◆ TASK TO CARRY OUT:
The needed output is the run of lines below from the one containing "Master Techniques in" through the one containing "Mattel: here are", copied exactly and free of pictures.

◆ ENTRIES SUPPLIED:
========================

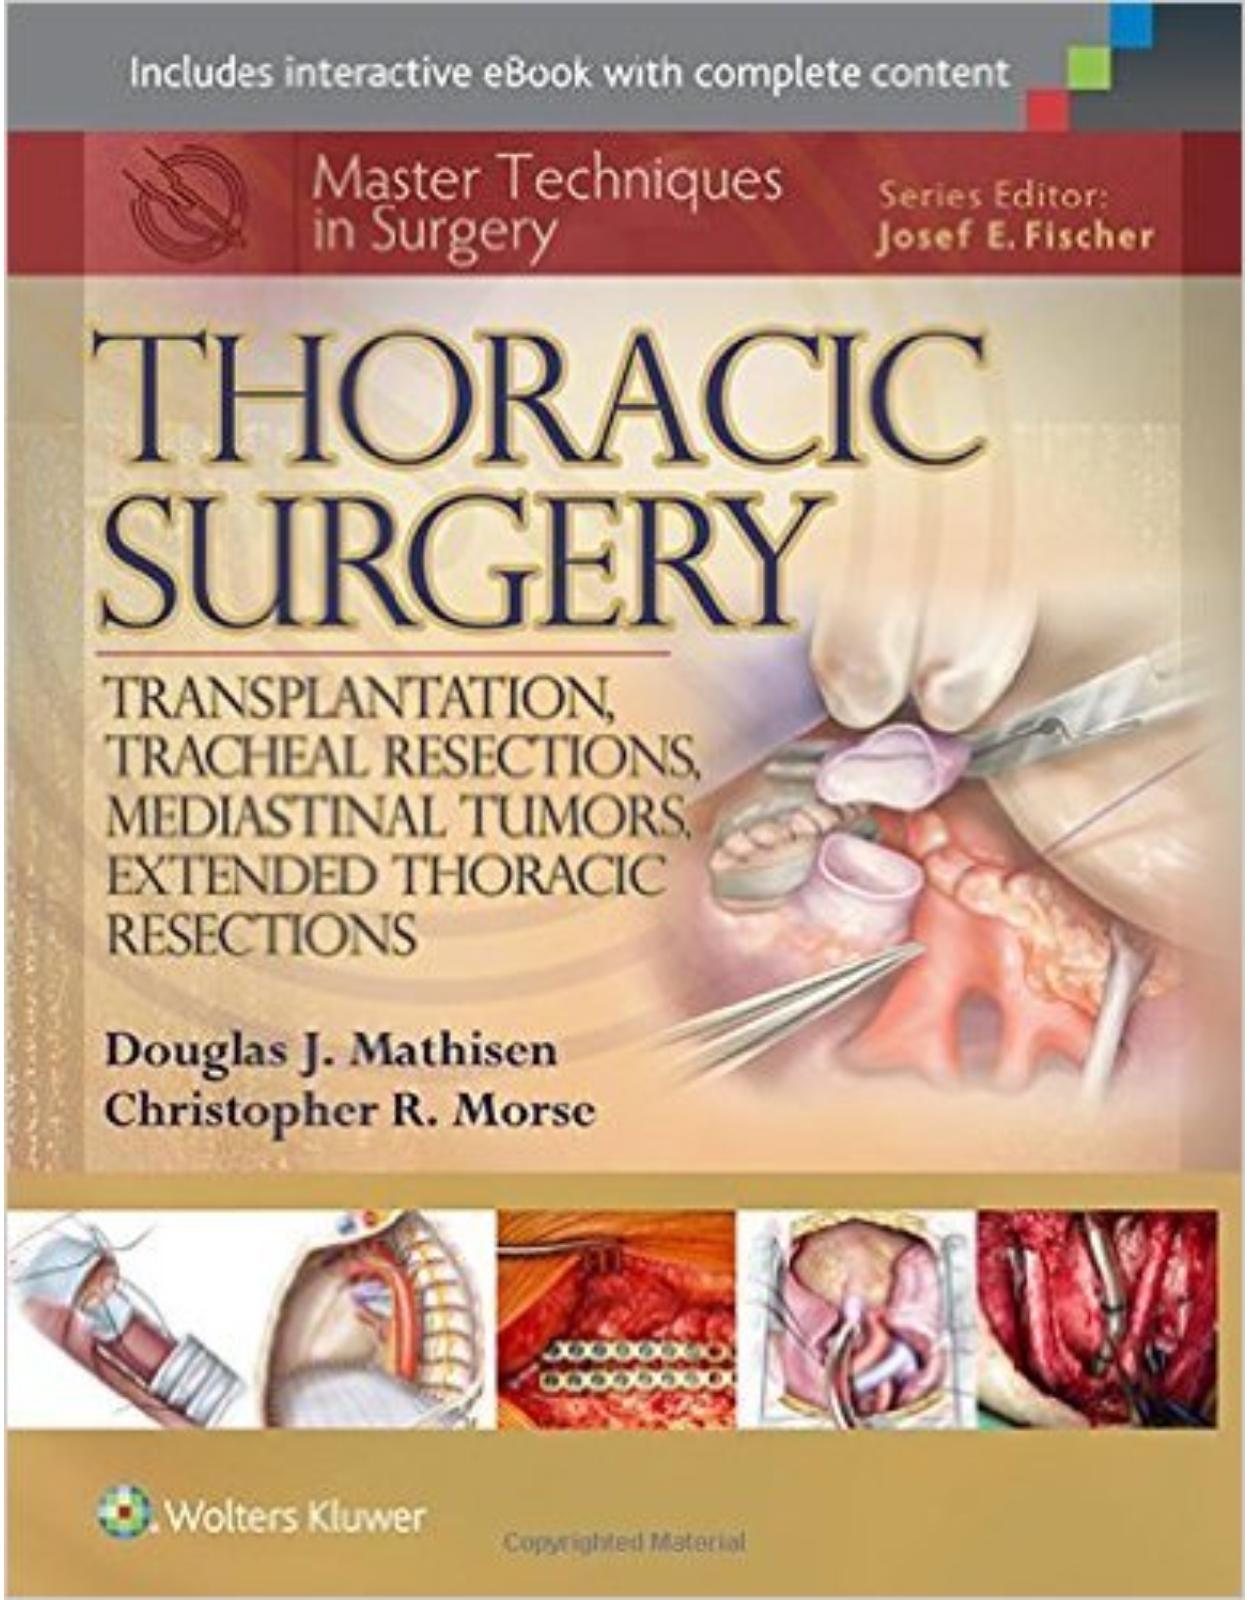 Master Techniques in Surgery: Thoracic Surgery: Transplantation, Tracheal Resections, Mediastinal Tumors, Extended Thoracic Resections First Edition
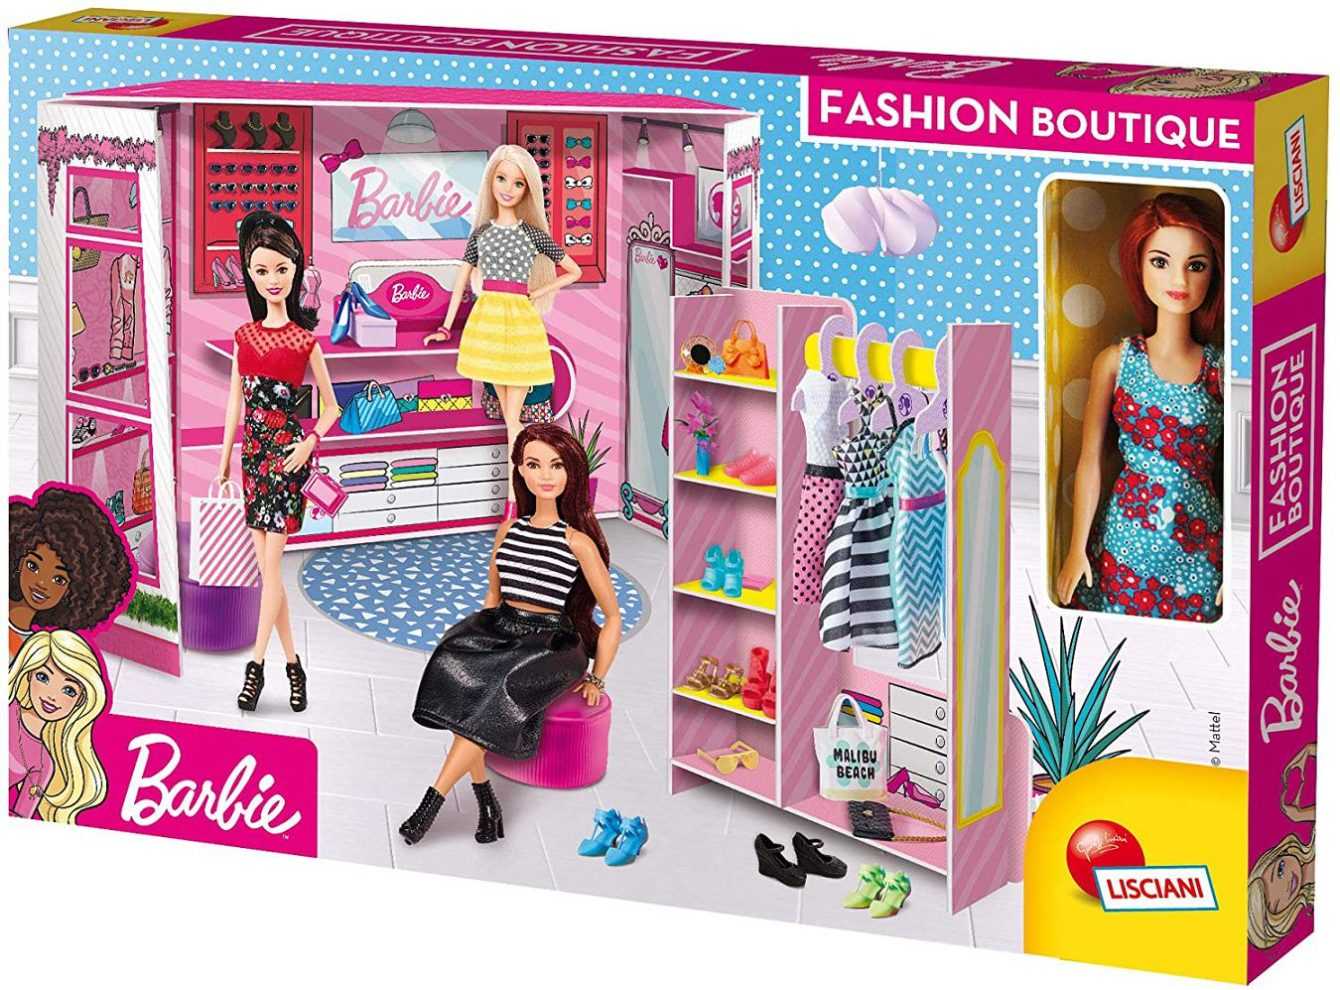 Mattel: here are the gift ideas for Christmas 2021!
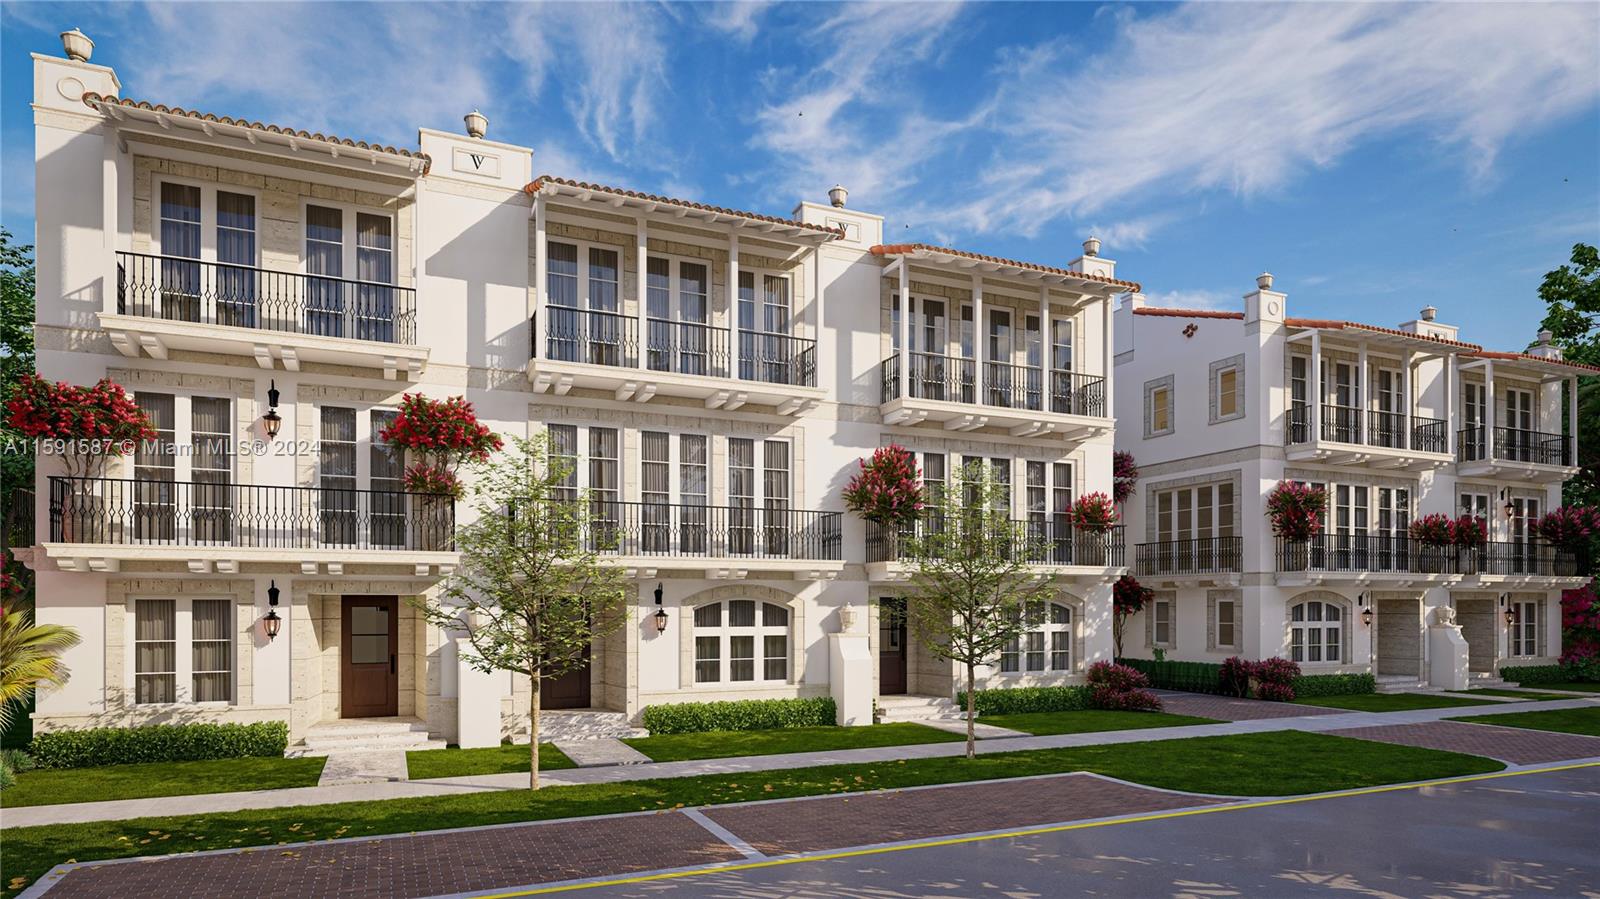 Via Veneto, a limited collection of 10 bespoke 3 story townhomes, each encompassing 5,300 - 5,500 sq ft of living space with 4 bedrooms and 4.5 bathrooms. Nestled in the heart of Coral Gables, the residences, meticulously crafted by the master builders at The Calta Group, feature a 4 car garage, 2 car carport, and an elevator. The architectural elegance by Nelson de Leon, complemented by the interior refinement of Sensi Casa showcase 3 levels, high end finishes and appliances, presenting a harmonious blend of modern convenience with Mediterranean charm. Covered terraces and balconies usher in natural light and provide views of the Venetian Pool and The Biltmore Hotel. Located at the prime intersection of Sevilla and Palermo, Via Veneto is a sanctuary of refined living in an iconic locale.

========================

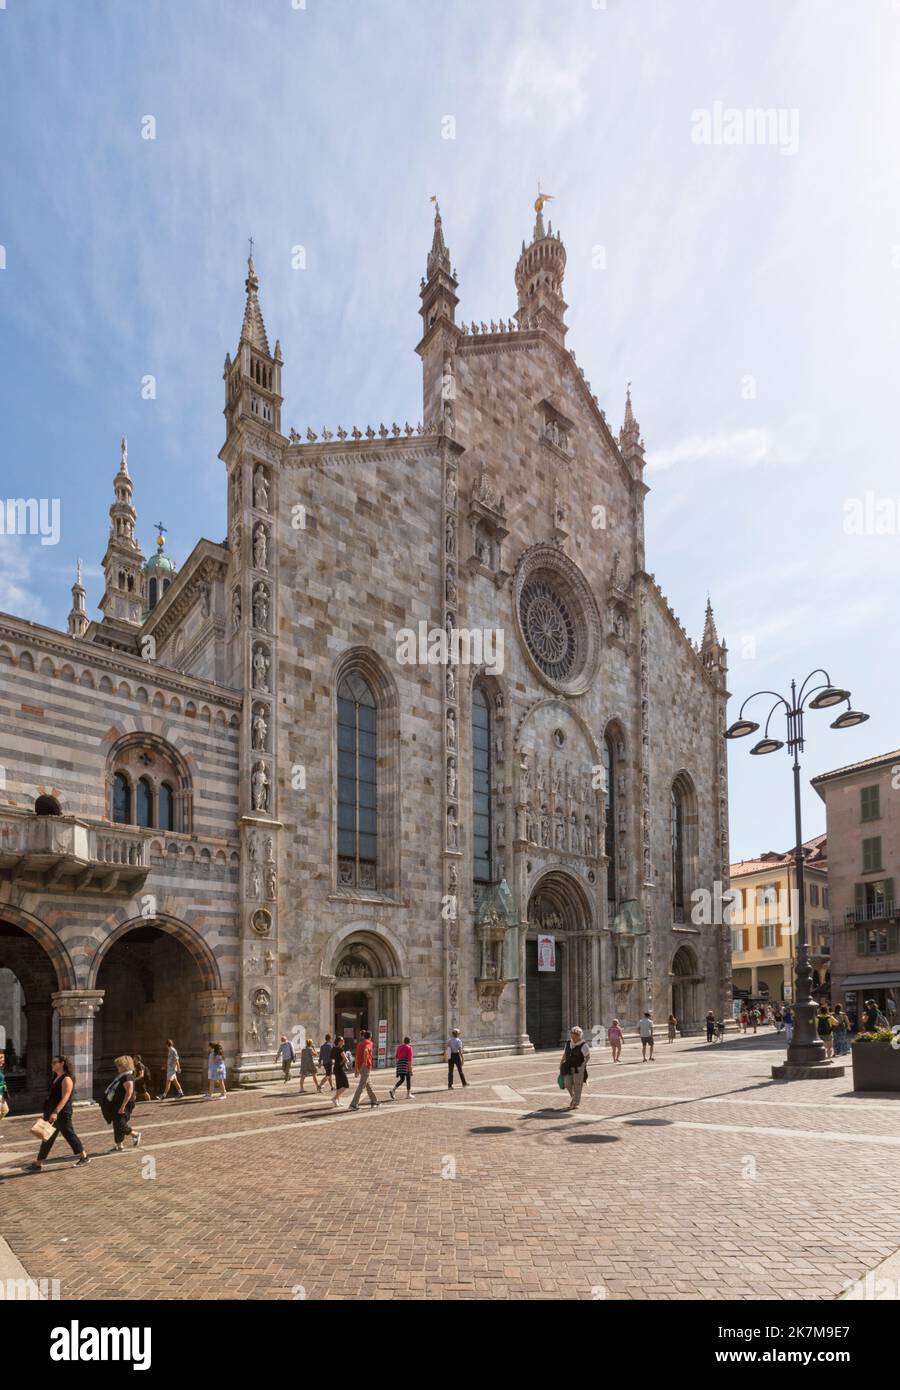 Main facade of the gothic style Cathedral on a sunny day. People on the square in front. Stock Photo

========================

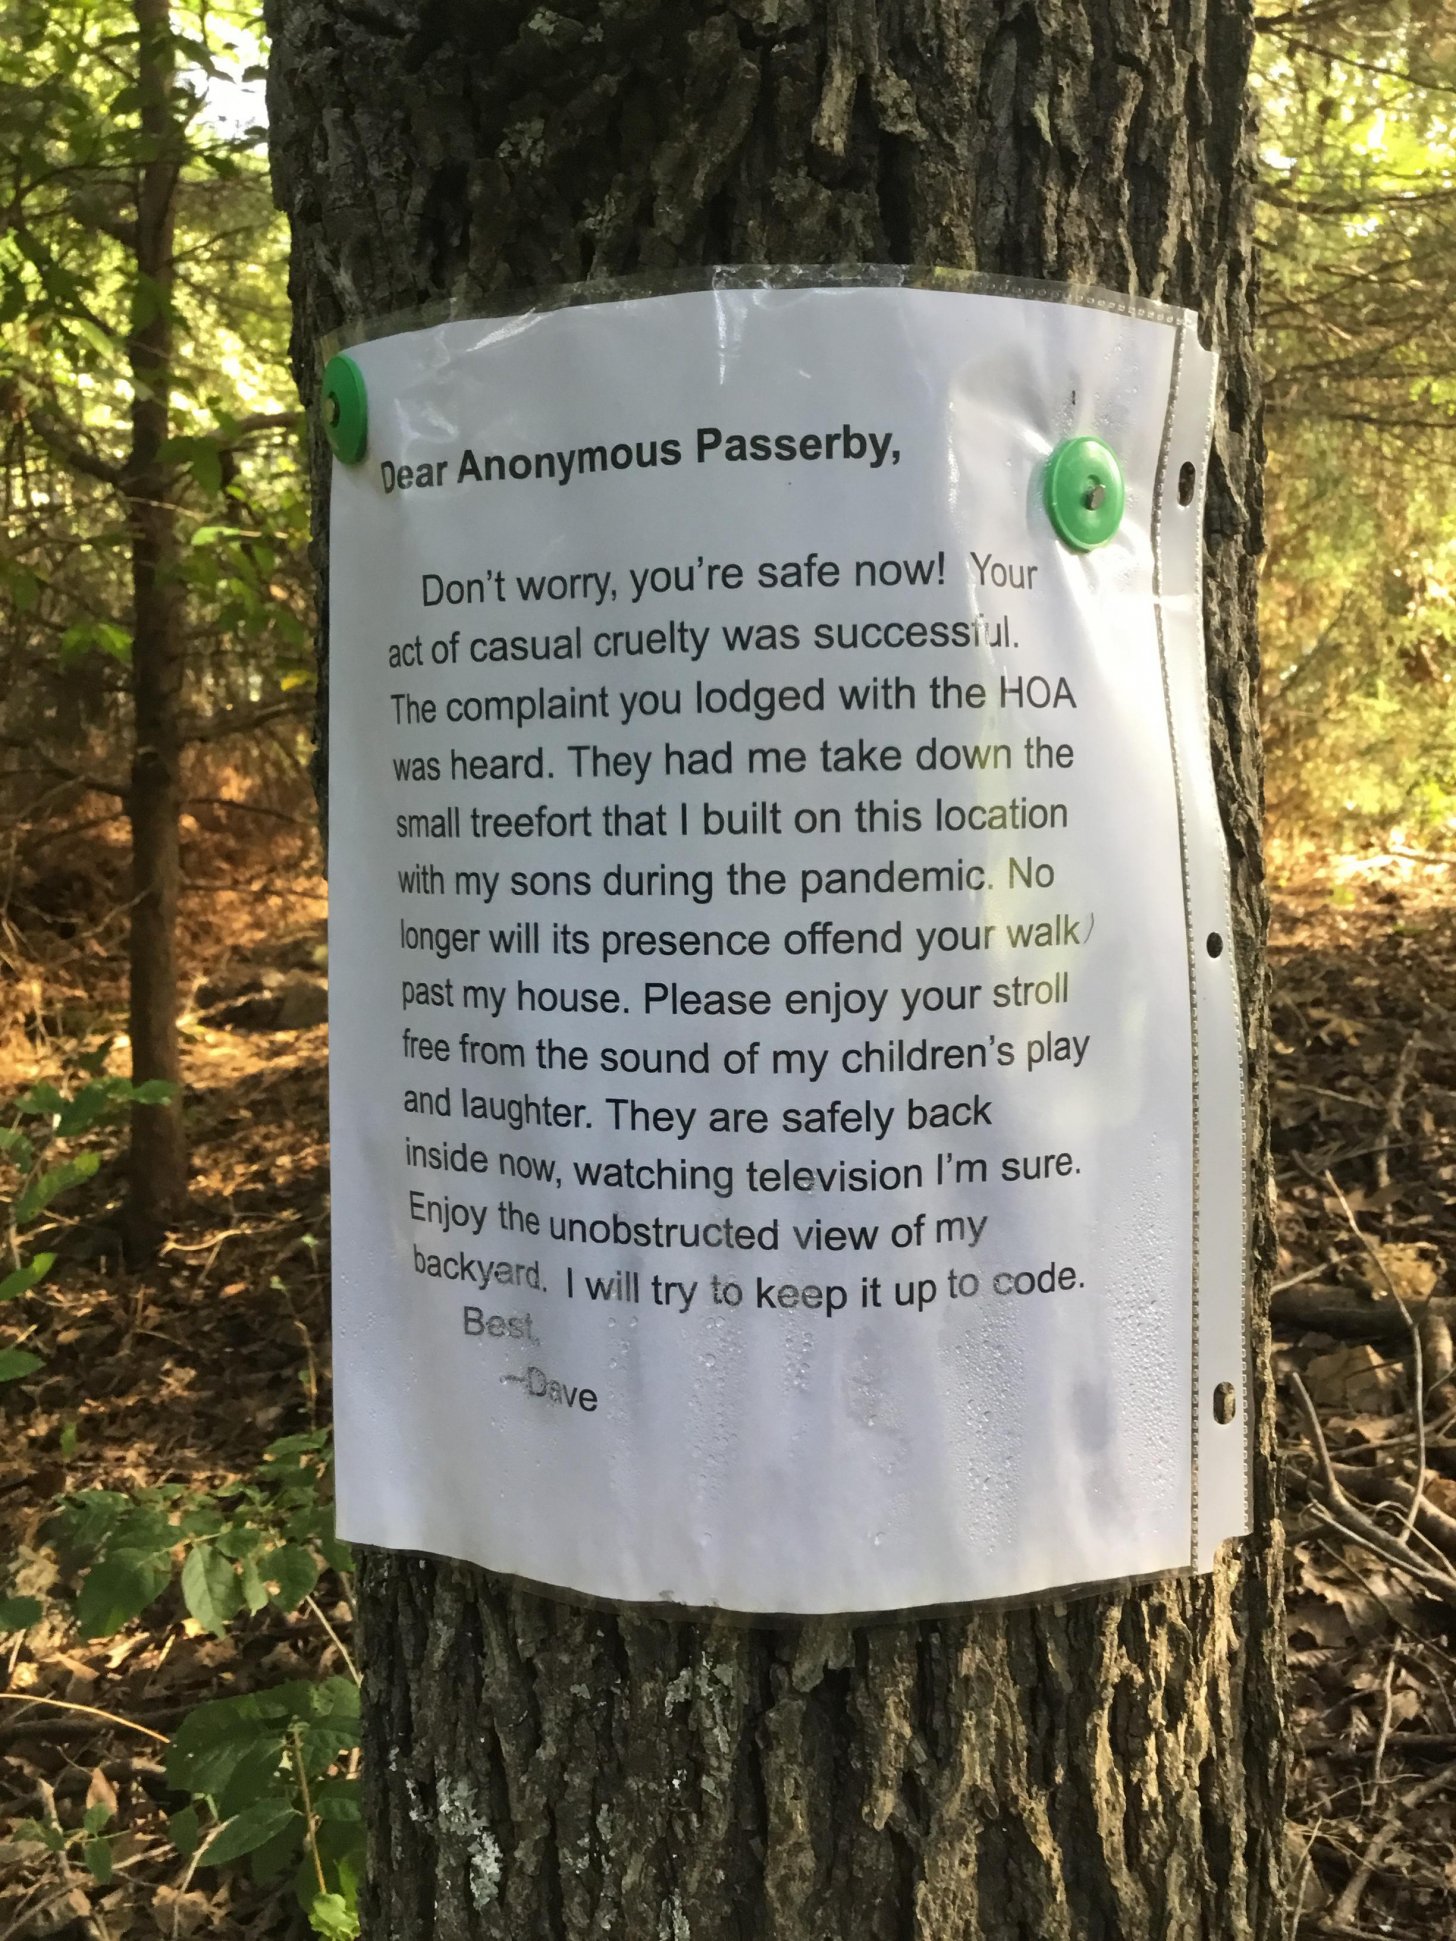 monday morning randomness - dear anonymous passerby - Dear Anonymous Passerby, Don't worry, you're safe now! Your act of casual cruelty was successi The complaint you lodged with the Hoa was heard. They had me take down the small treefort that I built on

========================

◆ EXERCISE OUTPUT:
 Master Techniques in Surgery: Thoracic Surgery: Transplantation, Tracheal Resections, Mediastinal Tumors, Extended Thoracic Resections First Edition
 Mattel: here are the gift ideas for Christmas 2021!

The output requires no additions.